Memory disorders can be a result of traumatic situations. Certain memories may then be stored with a structure different to the memories of nontraumatic situations.
The memories stored in an unstructured manner are then symbolized by the disorganized closet. Its door does not close properly anymore. It springs open at the slightest of touches, and the clothes all fall out. This describes a possible symptom of PTSD: certain stimuli that are not threatening for other people remind the affected person of their traumatic situation, which therefore leads to this person being triggered.
For example, it is often described that for some people who were persecuted by governmental institutions in their homeland, the sight of a police officer or someone else in uniform triggers flashbacks in them. The affected people then experience their earlier emotional state again and are inundated with their traumatic memories. This corresponds to the image of the clothes randomly falling out of the opened closet door.
These flashbacks are very stressful, especially when they occur in everyday life. For the affected person, a flashback feels just as if they were back in that situation with all of the associated emotions — panic, excessive stress, doubt, helplessness.
In trauma therapy, after a phase of stabilization, the idea is to carefully deal with these traumatic memories. There are various potential methods to do this. The aim of the therapy is to arrange the traumatic memories. Just like in an organized and tidy closet these memories are still there, but you have control over them. You know where these memories are and can also access them, but you can also prevent having flashbacks when doing so.

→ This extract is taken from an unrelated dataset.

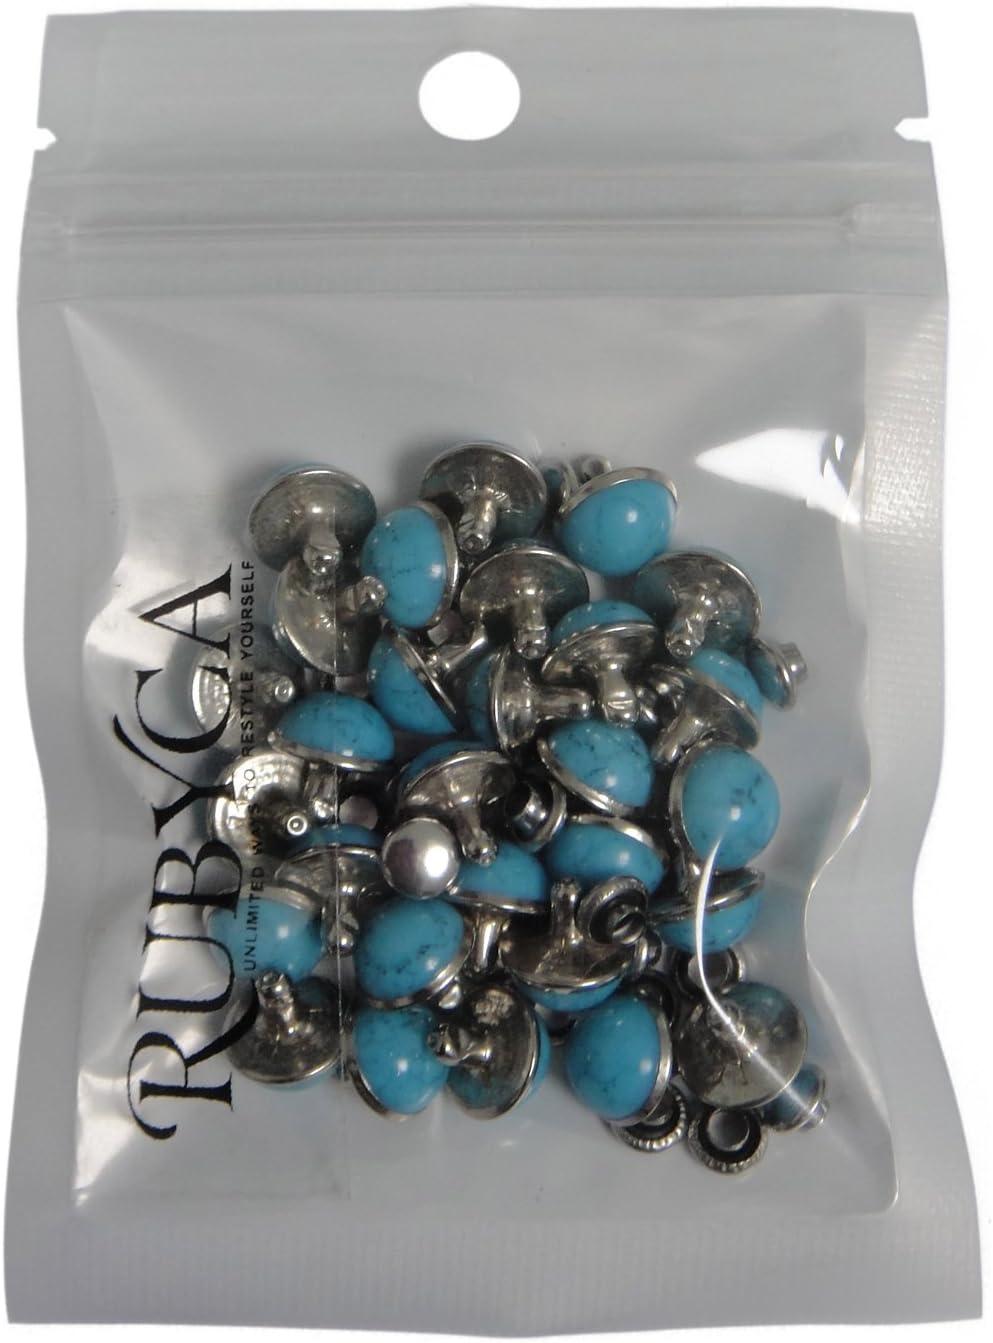 rubyca blau t/ürkis Rapid Nieten Nieten DIY leather-craft f/ür Tasche Schuhe Armband Tandy Leder

Medscape: Do children and adults react differently to war, violence, and destruction?
vom Felde: To begin with, in principle, everyone reacts differently to traumatic situations. It depends on the individual coping methods that every person has, but also predominantly on their social surroundings, ie, what opportunities for support there are.

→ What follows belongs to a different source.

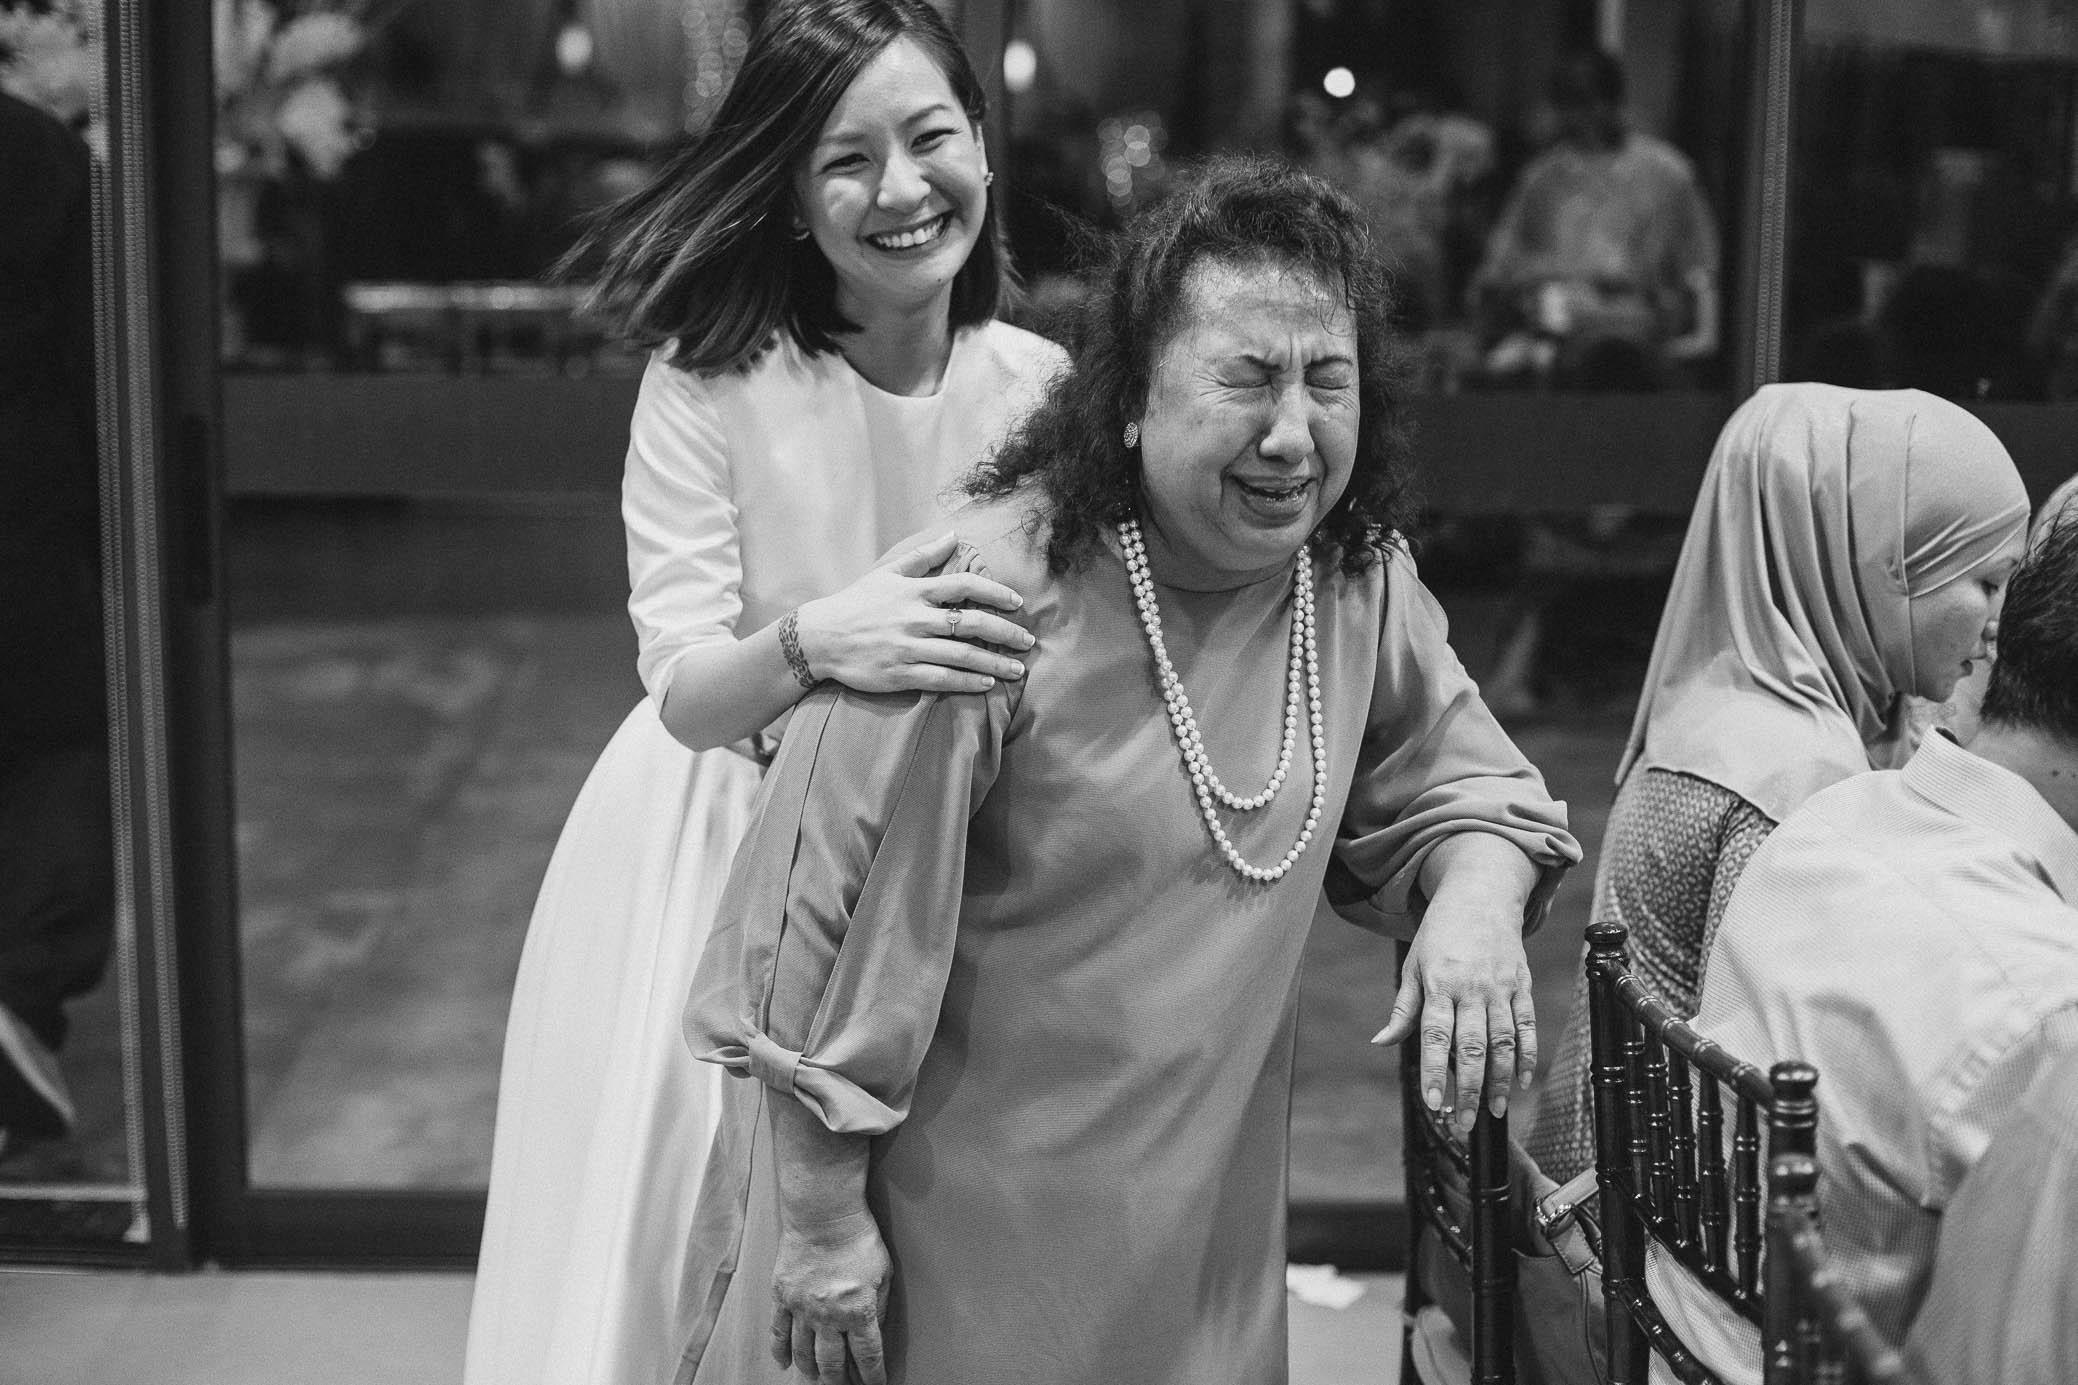 singapore-wedding-photographer-malay-indian-pre-wedding-travel-wmt-2015-85.jpg
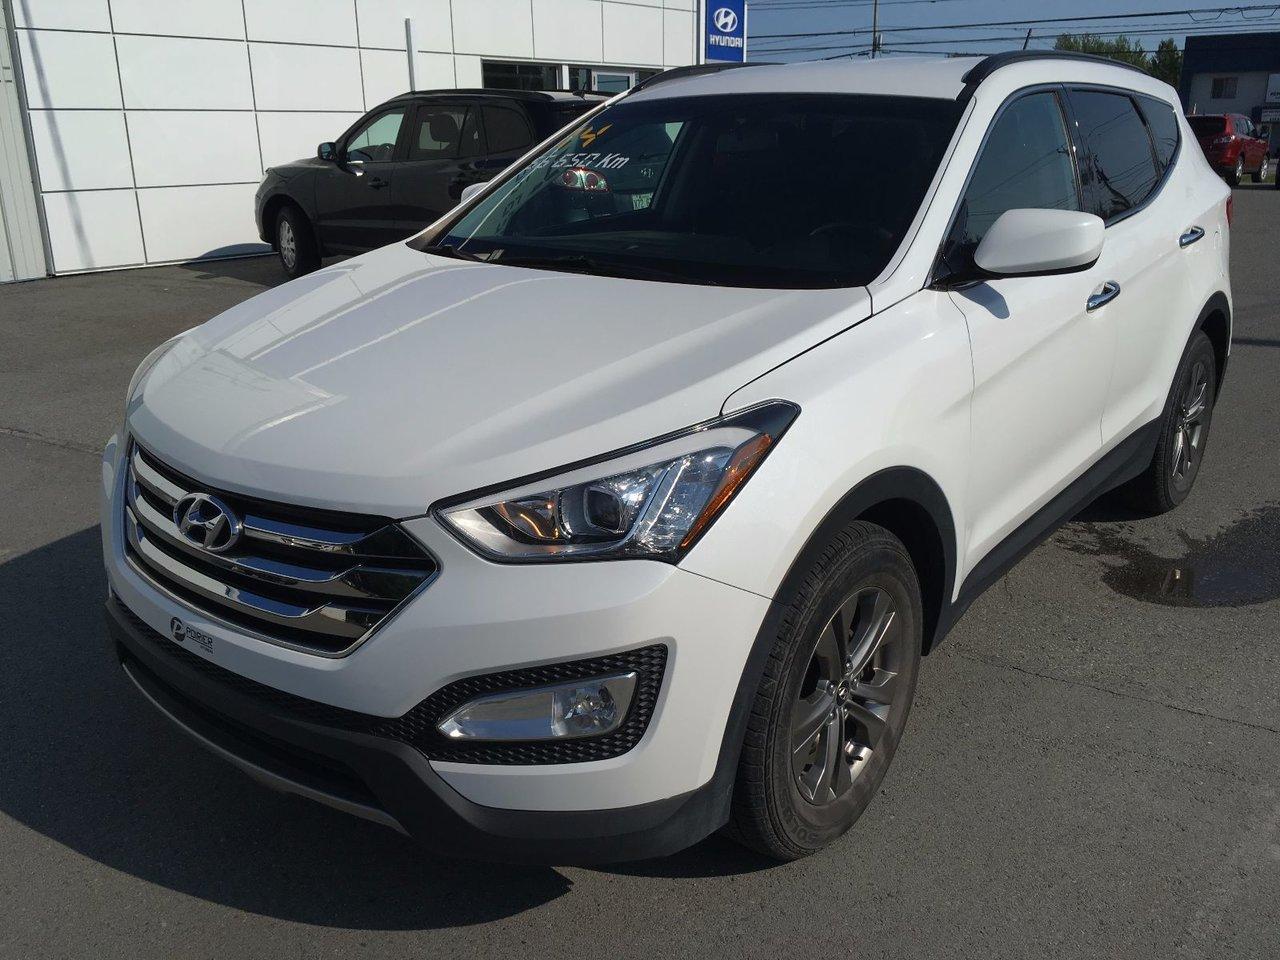 Hyundai Santa Fe Sport 2.4L AWD 2014

Of course, there is a difference between children and adults based on children’s specific developmental phases. If situations hold sway during critical developmental phases in which the appropriate conditions for healthy development simply do not exist, this can have long-term implications.

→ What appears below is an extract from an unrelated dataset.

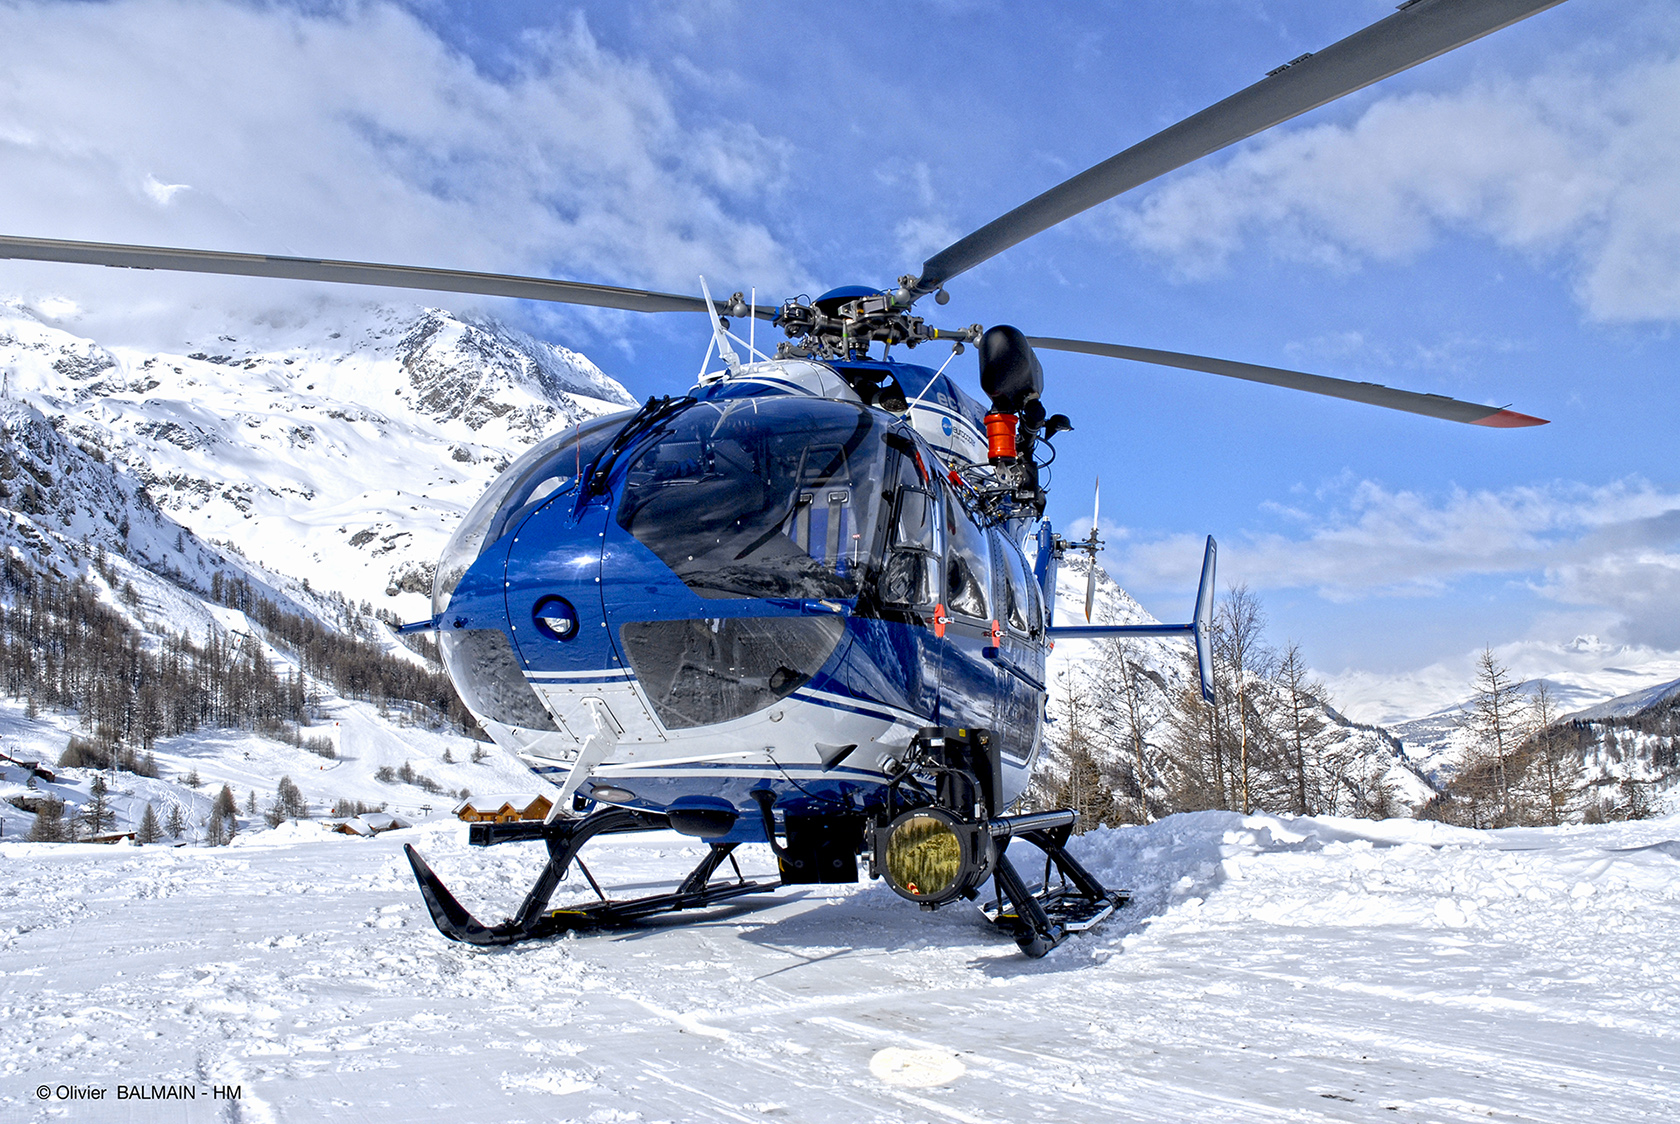 Choucas hélicoptère Gendaremerie  - © Olivier BALMAIN

It is particularly important with children to make sure that extremely stressful situations are kept as short as possible, that parents are encouraged to support their children and that a child-friendly environment is created. On the other hand, children are extremely resilient and can somehow manage through the most difficult situations if they at least have support from their most important caregivers and if the stressful situation is not a long-term situation.
Medscape: Do men and women differ in their reactions?
vom Felde: Just like with many mental conditions, there are clear differences. These are dependent on how people — depending on their socialization — can or may express stress and have a feeling about it.
For example, due to their socialization, it can be more difficult for men to express sadness and show presumed weakness. Men in families also more often think that they must be strong and hold the family together. This can lead to stresses being expressed in other ways, and those stresses may not be communicated so openly.
Medscape: Thank you very much for the discussion.